Ketika kamu diberi kepercayaan untuk menduduki suatu jabatan tentu merasa senang dan bangga. Posisi yang tinggi ini gak bisa ditempati oleh sembarang orang. Atasan yang memercayakannya padamu berarti punya penilaian yang positif atas kemampuan kerjamu. Dari segi penghasilan pun tentu menarik.

Gaji pokokmu naik, belum lagi tunjangan dan fasilitas yang tidak diberikan pada staf biasa. Pun umumnya, sekali kamu menjabat bakal seterusnya berpindah-pindah ke jabatan lain. Jarang sekali dirimu diturunkan kembali menjadi staf biasa, kecuali melakukan kesalahan yang fatal.

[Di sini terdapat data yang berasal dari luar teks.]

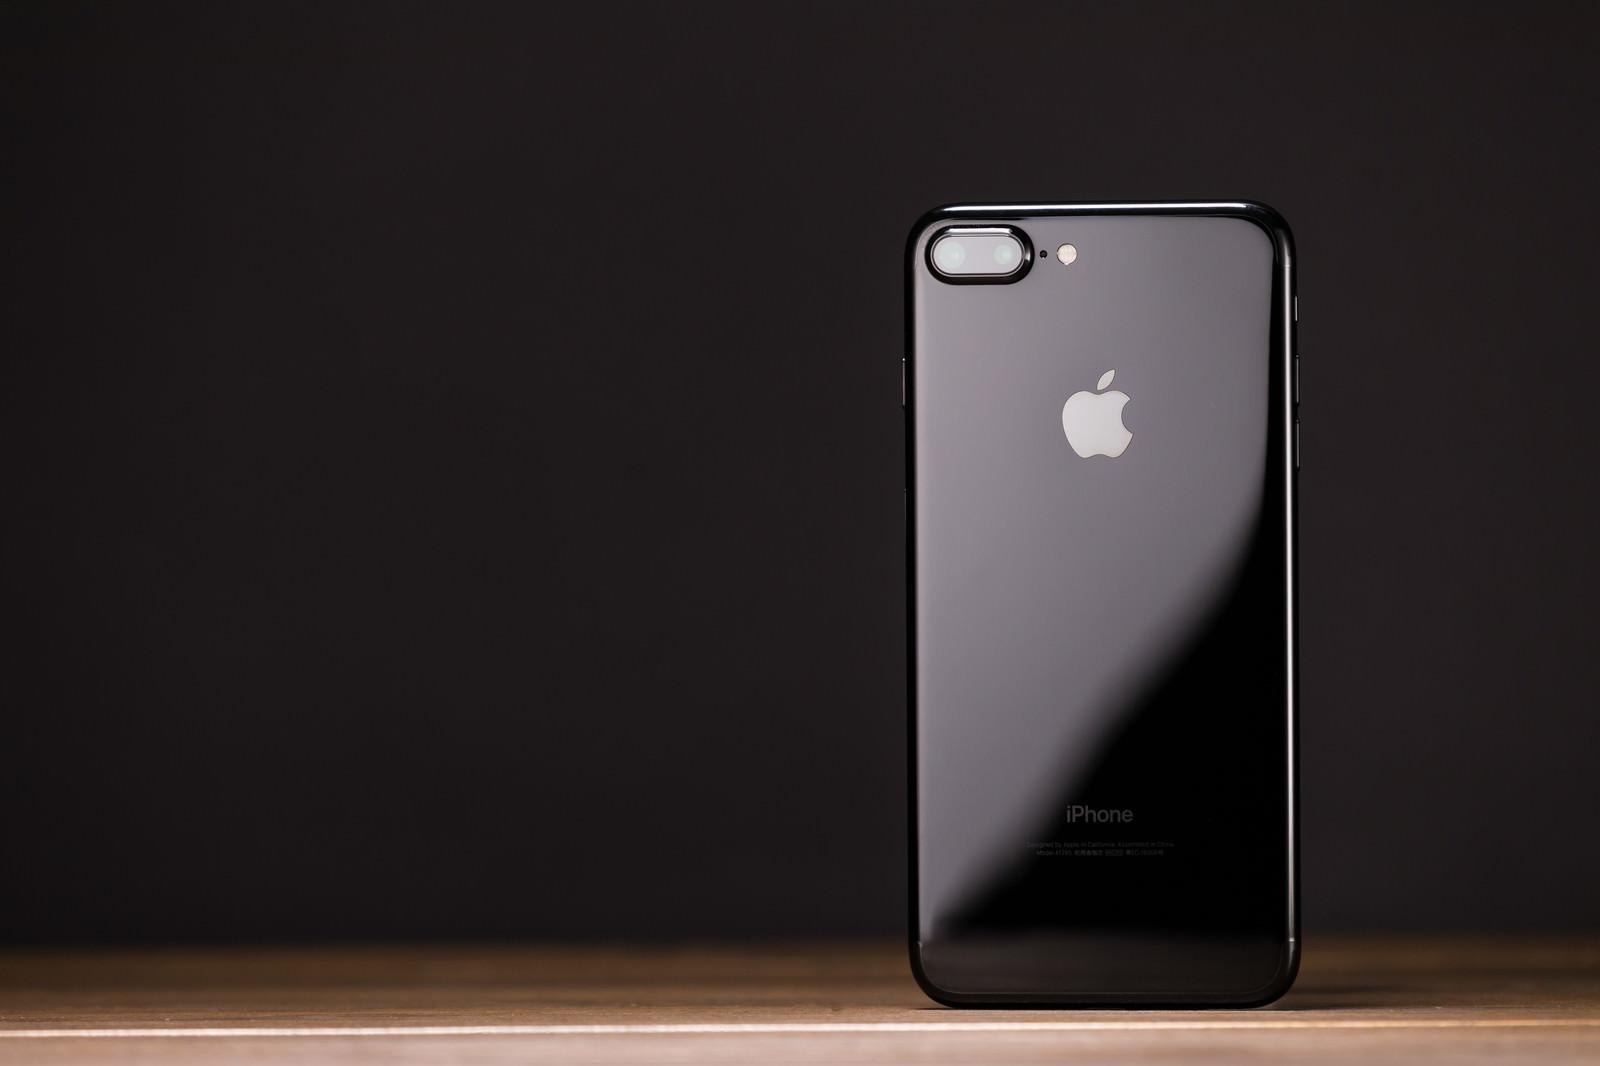 「光沢ツヤ感が美しいスマートフォン光沢ツヤ感が美しいスマートフォン」のフリー写真素材を拡大

Akan tetapi, ada kalanya kamu malah perlu mengundurkan diri dari suatu jabatan. Jangan memaksakan diri untuk memegang posisi yang kurang tepat untukmu atau ada kendala lain yang membuatmu gak mampu mengemban tugas dengan baik. Meski terasa berat, enam alasan di bawah ini pantas buatmu melepaskan jabatan.

1. Masalah kesehatan yang serius

ilustrasi sakit (pexels.com/RDNE Stock project)

Selagi sakitmu hanya memerlukan rehat beberapa hari atau pengobatannya cukup rawat jalan, tentu kamu gak perlu sampai mundur dari jabatan. Bagaimanapun juga, jabatan itu diperoleh dengan susah payah. Bukan tiba-tiba dirimu mendapatkannya seakan-akan punya kedekatan dengan pimpinan.

Namun apabila sakitmu memerlukan perawatan yang lebih intensif selama berbulan-bulan dan kamu gak bisa ke kantor, lebih bijak untuk mengundurkan diri. Jangan menunggu pimpinan mencopotmu dari jabatan itu karena pasti terasa lebih menyakitkan buatmu. Seakan-akan kamu hanya dihargai ketika sehat dan dicampakkan setelah sakit.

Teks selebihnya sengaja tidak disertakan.